See all blog posts

The Complex Path for a Simple Portable Python Interpreter, or Snakes on a Data Plane

Snakes on a Data Plane

We needed a Python interpreter that can be shipped everywhere. You won’t believe what happened next!

In theory, Python is a portable language. You can write your script locally and distribute it to other machines with the Python interpreter. In practice, things can go wrong for a variety of reasons.

The first and simpler problem is the module system: for a script to run, all of the modules it uses must be installed. For Python-savvy users, installing them is not a problem. But for a software vendor that wants to guarantee a hassle-free experience for all sorts of users the module dependency is not always easily met.

Second, Python is not a language, but actually two languages: under the name Python, there are Python2 and Python3. And while Python2 is set to be deprecated soon (which has been a true statement for the past decade, btw!) and bleeding-edge organizations will deal with that nicely, the situation is much different in old-school enterprise: RHEL7, for instance, does not ship with a Python3 interpreter at all and will still be supported under Red Hat policies for years to come.

Using Python3 in such distributions is possible: third-party organizations like EPEL produce RHEL-compatible binaries for the interpreter. But once more, old-school enterprise usually means security policies are in place that either disallow installing packages from untrusted sources, or want to install the Python scripts in machines with no connection to the internet. EPEL would require internet connectivity to update dependencies if some packages are some minor versions behind, which makes this a no go.

ScyllaDB is the Real-Time Big Data Database. In organizations with strict security policies, the database nodes tend to be even stricter than average. While our main database codebase is written in native C++, we adopt higher level languages like Python for our configuration and deployment scripts. In dealing with enterprise-grade organizations, we have dealt with the problem on how to ship our Python scripts to our customers in a way that will work across a wide variety of setups and security policies.

Harry Potter, a Python Interpreter

One of many approaches to a Python interpreter. Requires broomstick package for portability.
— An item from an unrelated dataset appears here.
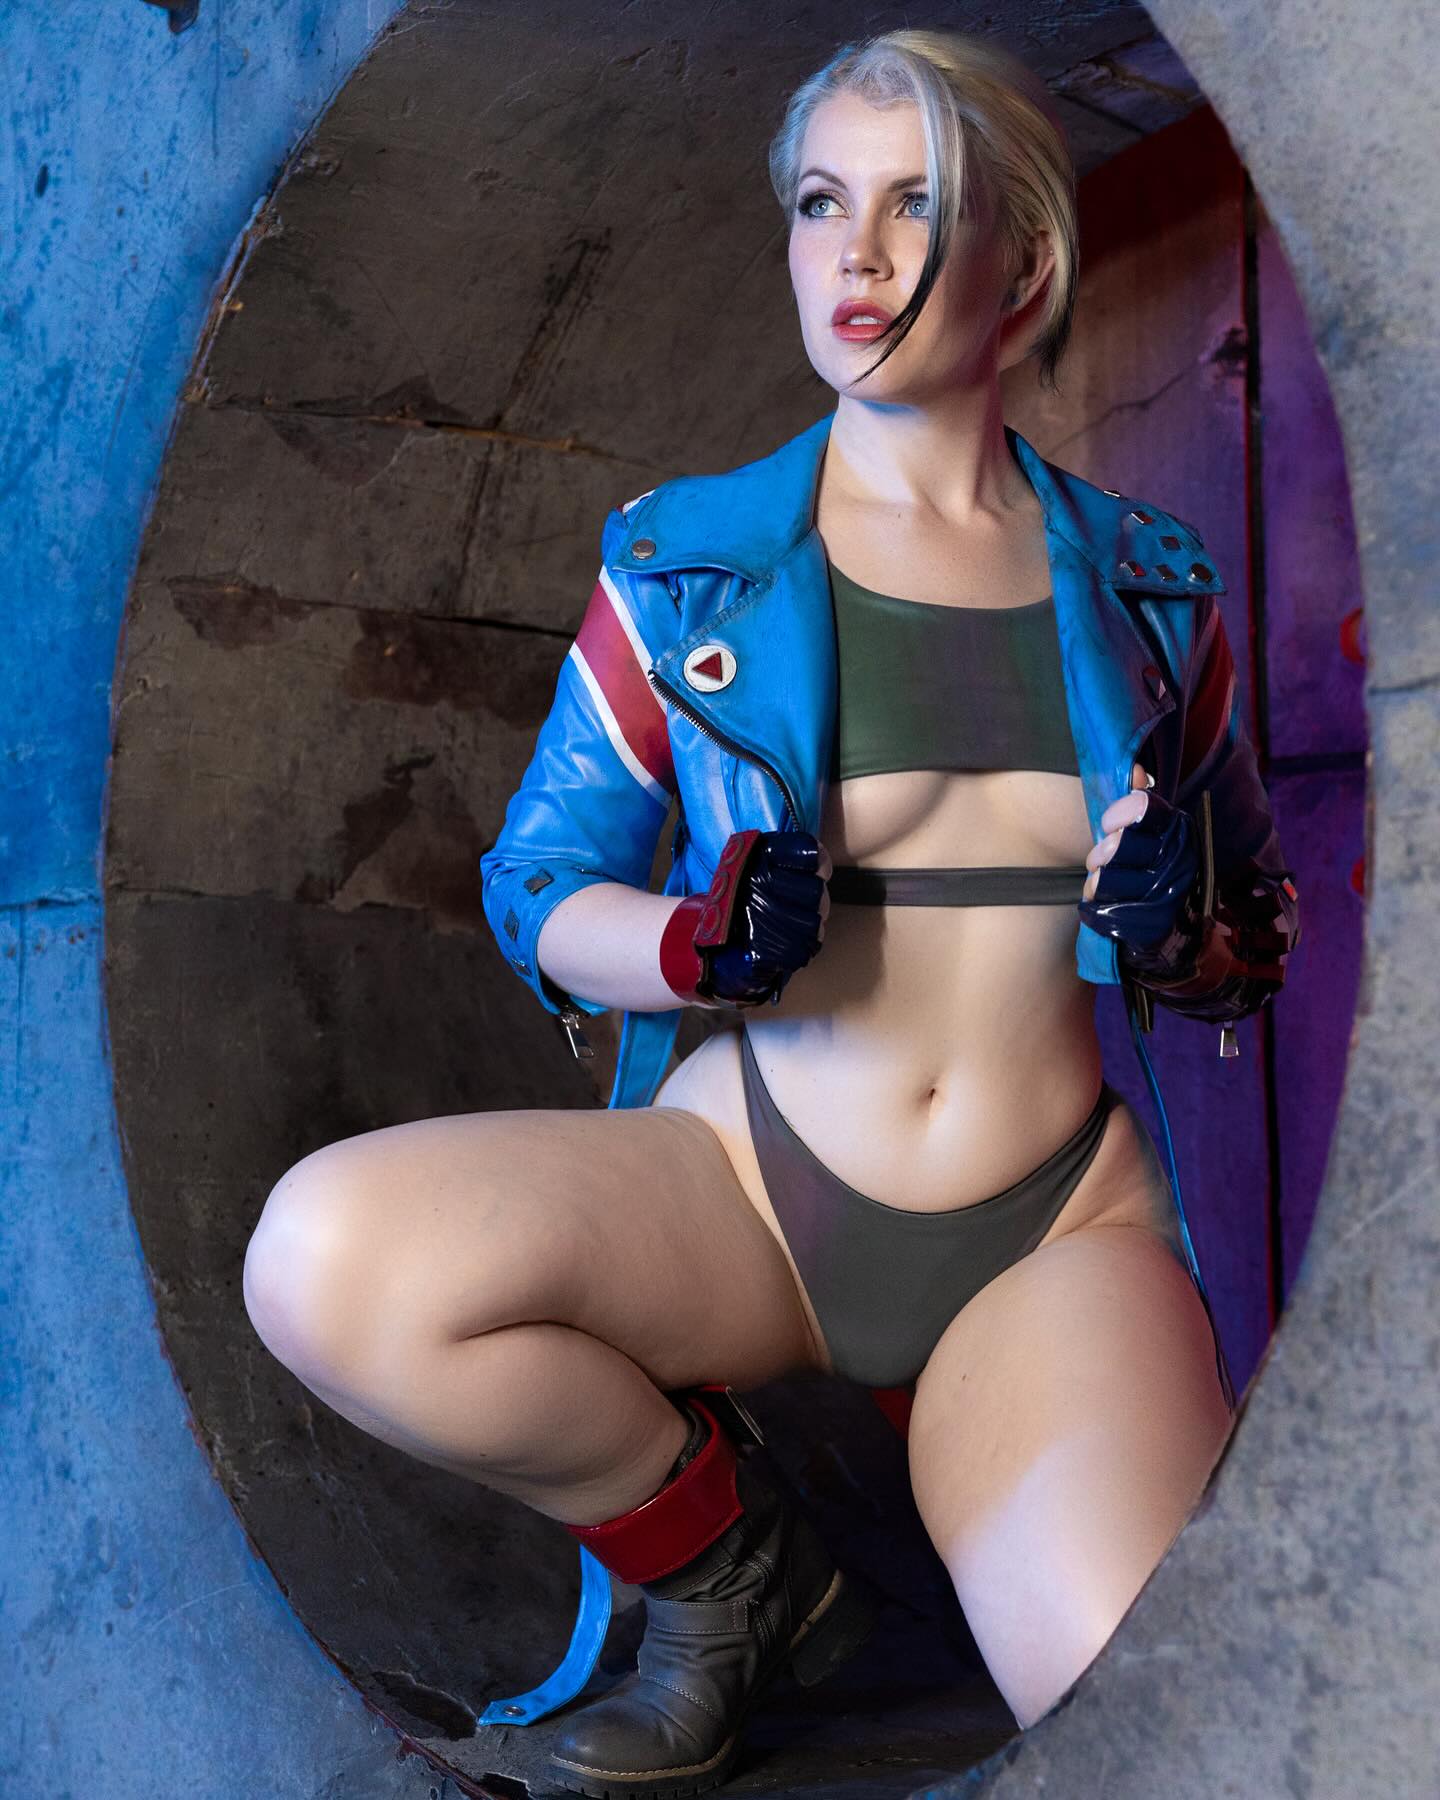 Finding cool places to crouch. Today’s the last day my Cammy and Vaggie sets will be available. Check out the link in my bio for more fun stuff! #cammy #cammystreetfighter #cammystreetfightercosplayer #streetfighter #leatherjacket #blue

We considered many approaches: should we just rewrite everything in C++? Should we make sure that everything we do works with Python2 as well, and uses as few modules as possible? Should we compile the Python binaries to C with Cython or Nuitka? Should we rely on virtualenv or PyInstaller to ship a complete environment? All of those solutions had pros and cons and ultimately none of them would work across the wide variety of scenarios our database seeks to be installed.

In this article we will very briefly discuss those alternatives, and describe in details the solution we ended up employing: we now distribute a full Python3 interpreter together with our scripts, that can be executed in any Linux distribution of any kind.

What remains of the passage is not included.